The confidence metric
Your results include a confidence score that reflects the quality and consistency of your responses. It weighs three factors:
- Spread (50%): How much variation exists across your scores. If all types scored nearly the same, the assessment can't distinguish your preferences clearly.
- Consistency (30%): How well your answers to related questions align with each other. Contradictory responses lower confidence.
- Quality (20%): Response patterns like speed and variation. Rushing through or giving identical answers to every question reduces quality.
A confidence score above 70% indicates a reliable result. Below 50% suggests retaking the assessment with more consideration.
Reading the radar chart
Your results page shows a radar chart with all 12 sub-types plotted around the perimeter. The filled area represents your score distribution.
A few patterns to look for:
- Spiky profiles (high peaks, low valleys) indicate strong, clear preferences. You know exactly what you want.
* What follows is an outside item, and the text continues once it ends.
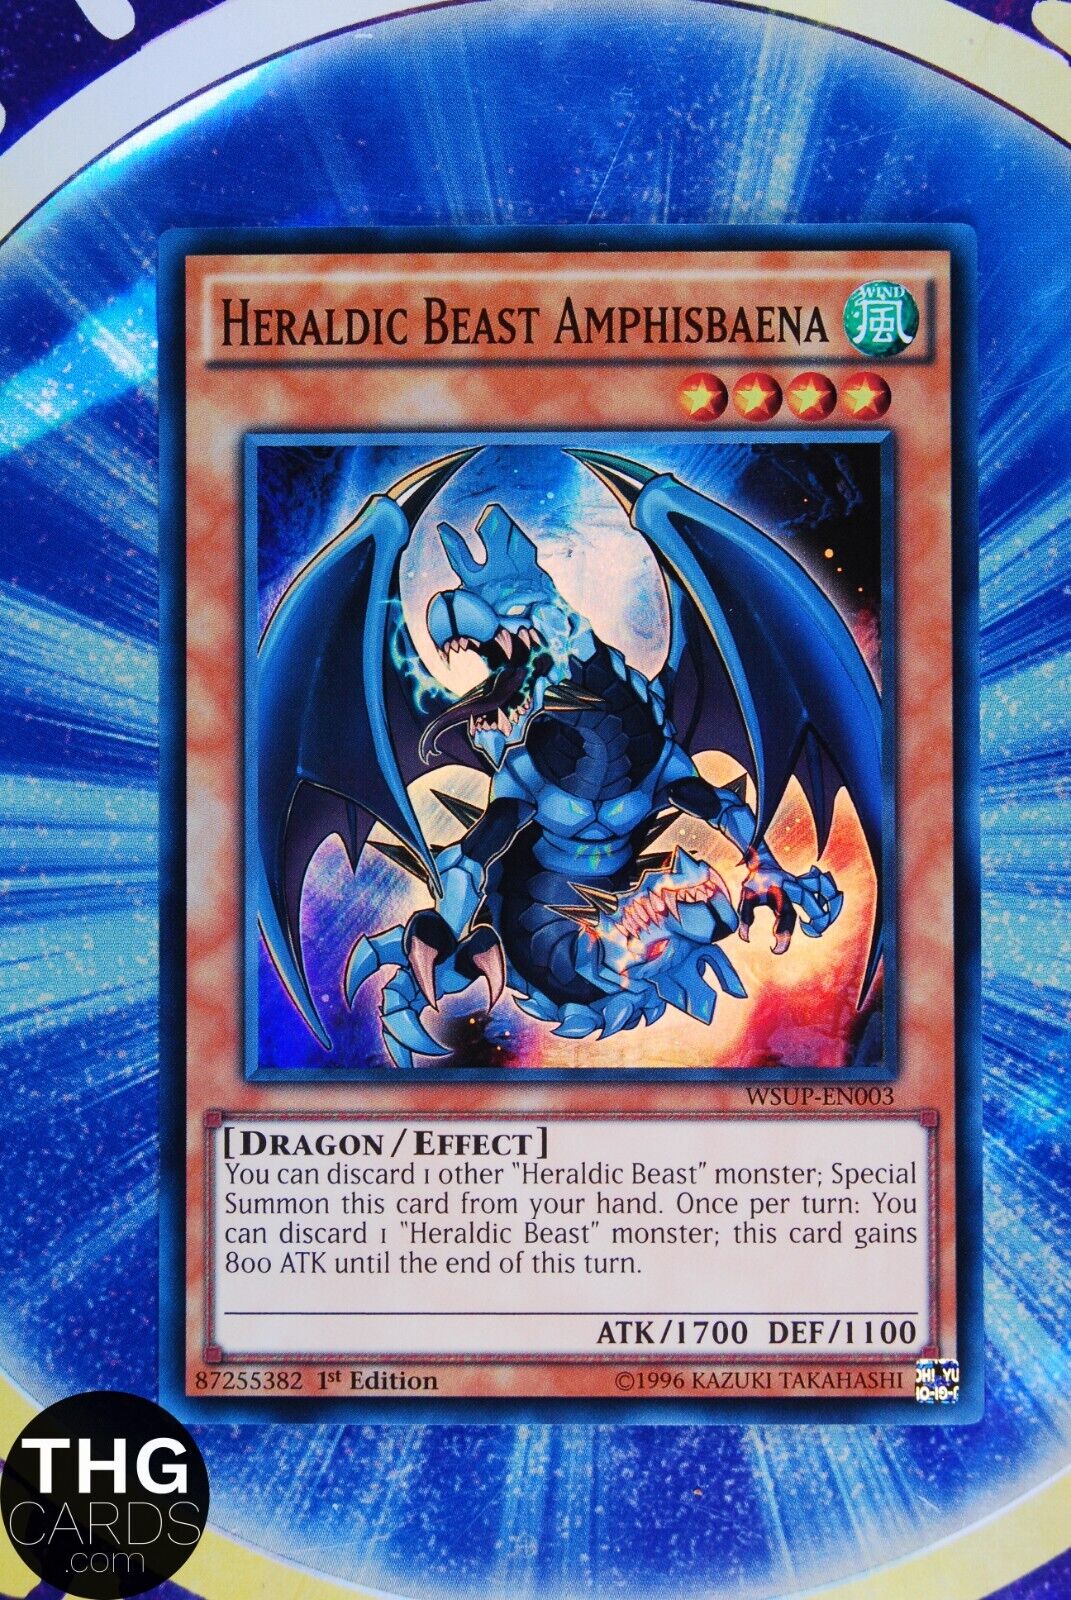 Heraldic Beast Amphisbaena WSUP-EN003 1st Edition Super Rare Yugioh Card

- Round profiles (even scores across types) suggest adaptability — or indecision. Check your confidence score to know which.
- Clustered peaks (adjacent high scores) often indicate natural combinations, like Architect + Rooter (systematic specialist) or Catalyst + Explorer (action-oriented pioneer).
What to do with your results
Your Career DNA becomes most valuable when you use it actively:
For job searching
Complete your full profile — skills, culture preferences, work values, and growth goals — to activate all five matching tiers. Your Career DNA code alone captures your work style, but the full profile captures the practical dimensions that determine day-to-day fit.
For interviews
Use your Career DNA as a framework for answering "tell me about yourself" and culture-fit questions. Instead of generic statements, you can say: "My Career DNA is V-I-x — I'm a Visionary driven by Impact who thrives in exploratory environments. That means I'm at my best when I'm defining new products and measuring their effect."
For team dynamics
Share your Career DNA with colleagues. Teams that understand each member's Energy, Driver, and Mode can assign work more effectively, resolve conflicts faster, and build on complementary strengths.
Info
Career DNA is descriptive, not prescriptive. It captures your natural tendencies, not your limits. A strong Architect can still innovate; a Harmonizer can still make tough solo decisions. The code shows your default mode, not your ceiling.
Retaking the assessment
Your Career DNA can evolve over time. Major career transitions, leadership roles, or industry changes can shift your scores — especially on Slight dimensions. We recommend retaking the assessment every 12-18 months, or after significant career changes.